Young Assassins

El Ponchis, the 14-year-old hit man (courtesy of thisis50.com)

I have written numerous posts about the violence in Mexico—most of it related to drug cartels and involving things like murder, extortion, rape and even dismemberment—but very little news from that troubled country surprises me these days.

Unfortunately, this is some of the news I find seriously disturbing.

In 2011, Mexican authorities arrested a 14-year-old boy known as “El Ponchis” (“The Cloak”) who was subsequently sentenced to three years in prison for murder. As it turned out, El Ponchis was an assassin for organized crime and confessed to killing a number of people. He even told an interrogator later that he beheaded four people.

Beheaded them! A 14-year-old!

As shocking as this story was to me when I first heard it, I immediately understand why it happened. Faced with death around every corner—again perpetrated by drug cartels that use violence to instill fear and seize control—children and teenagers often drop out of school to start a life of crime, which I’m sure many see as their only chance for survival. They sell drugs, perform low-level tasks and, in the case of kids like El Ponchis, murder people. And I’m sure they’re paid next-to-nothing for their efforts.

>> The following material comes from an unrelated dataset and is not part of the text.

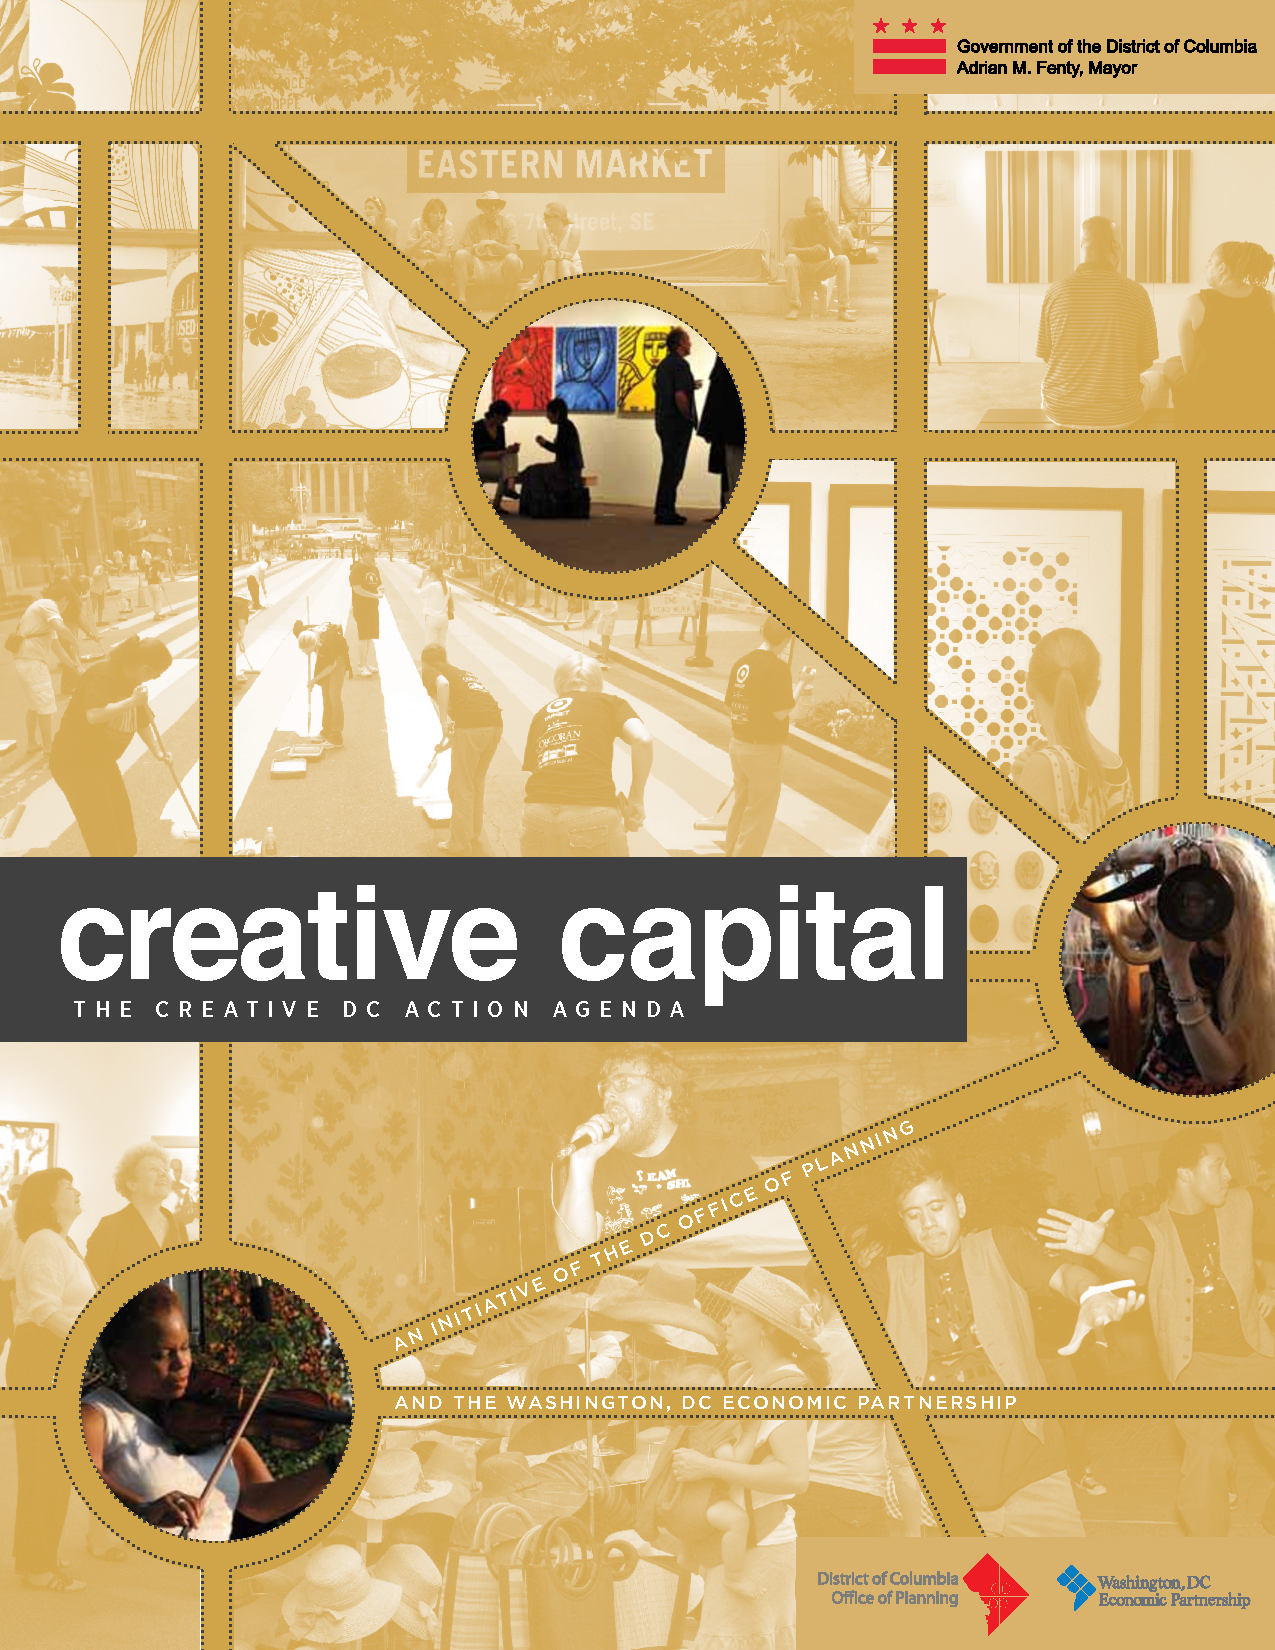 Creative Capital Webinar and Annual Art Student Exhibition 2013

For the time being, though, their families are safe. Or they seem safe, which is closer to the truth.

I still can’t understand what might motivate a 14-year-old to behead people. It’s possible he was simply following orders and would have been beheaded himself if he didn’t do it. Or maybe all the killing finally desensitized him enough to make such an act bearable. It’s even possible that he came to enjoy it. You just never know. It is upsetting to think about no matter how you slice it.

REUTERS/Tomas Bravo

Another tragedy south of the border (courtesy of Reuters/Tomas Bravo)

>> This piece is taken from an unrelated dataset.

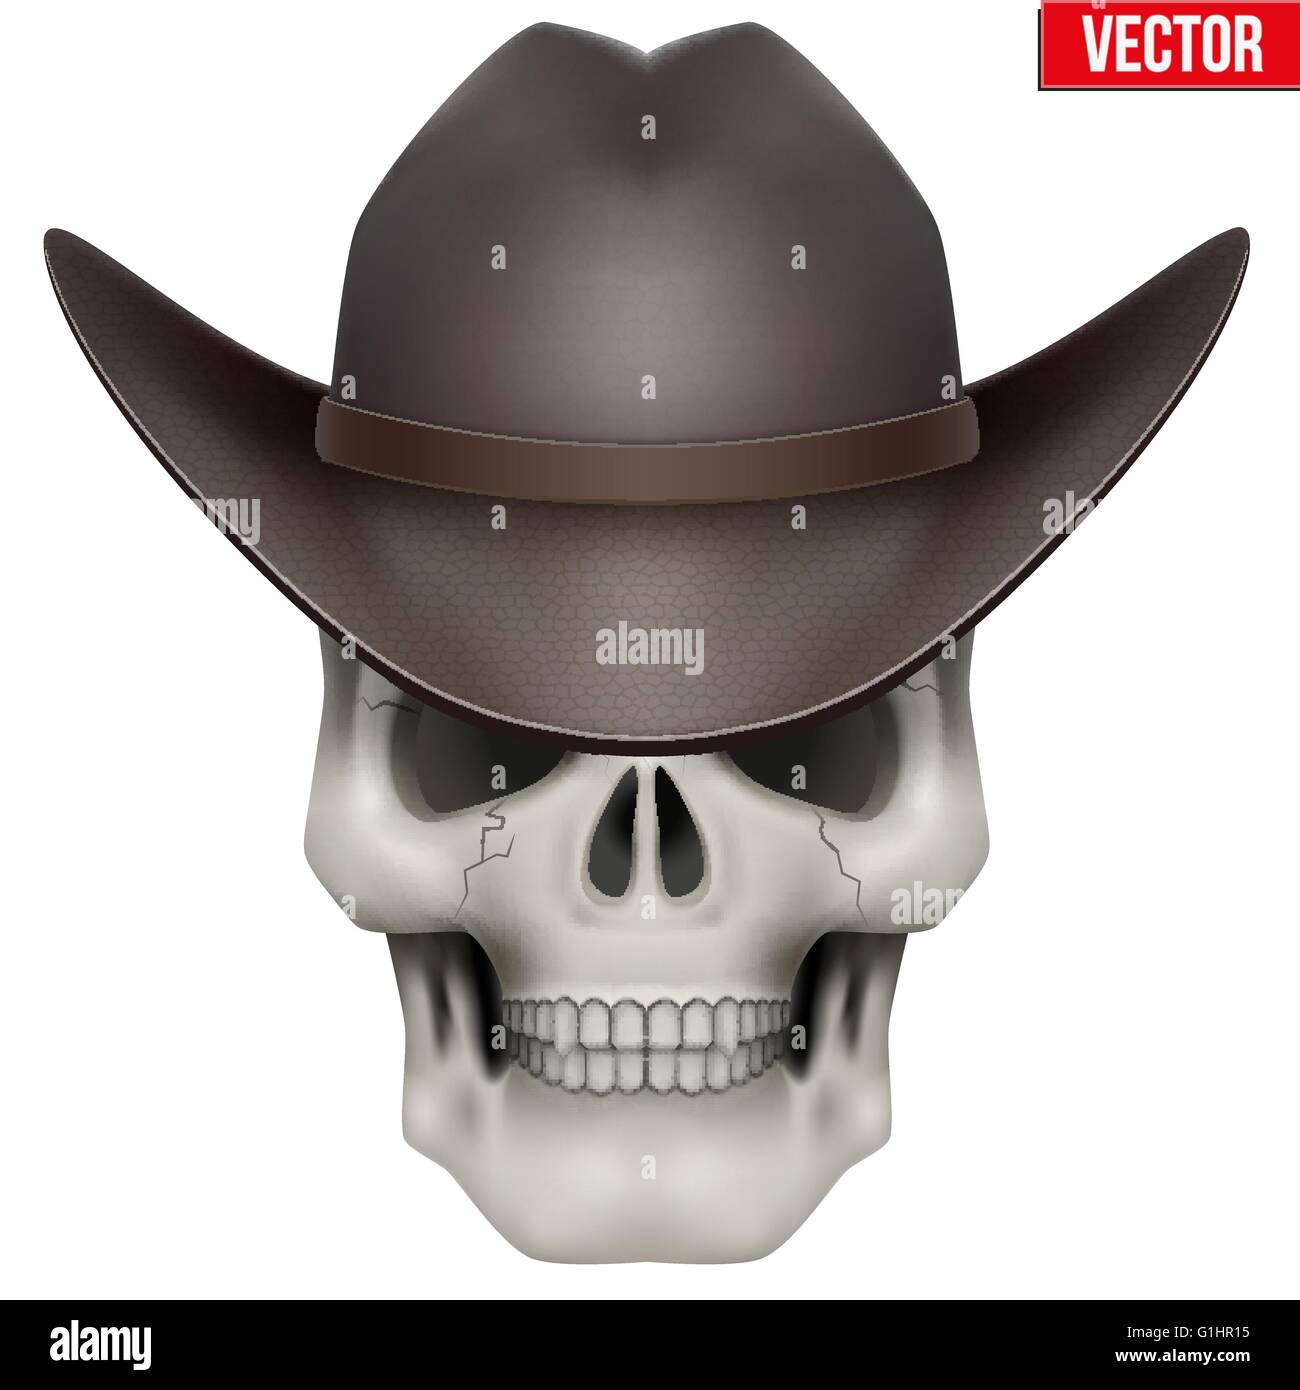 Vector Human skull with cowboy hat on head Stock Vector

The latest “El Ponchis” is 13-year-old Jose Armando Moreno Leos, a young assassin for a Mexican drug cartel who was arrested three weeks ago and confessed to murdering more than ten people. His specialty: high-caliber weapons.

Following his arrest in February, Leos was released since Mexican law prohibits the incarceration of anyone under the age of 14—too bad El Ponchis wasn’t a little younger, huh? On February 20th, he missed a court date and this past Thursday, we learned why.

Leos and the bodies of five other people—four women and one man—were discovered by the side of a Mexican highway. They had all been shot “execution style” with—ironically enough—high-caliber weapons.

Is it possible that Leos was the shooter, but then had his bosses turn on him? I certainly wouldn’t put it past them.

To me, what makes stories like these so tragic is the obvious: these were kids. They should have been playing, studying at school, attending birthday parties or dances, hanging out with friends or otherwise enjoying their youth. Instead, they’re peddling drugs, running numbers, killing people and hacking off body parts.

There’s something seriously wrong with this picture.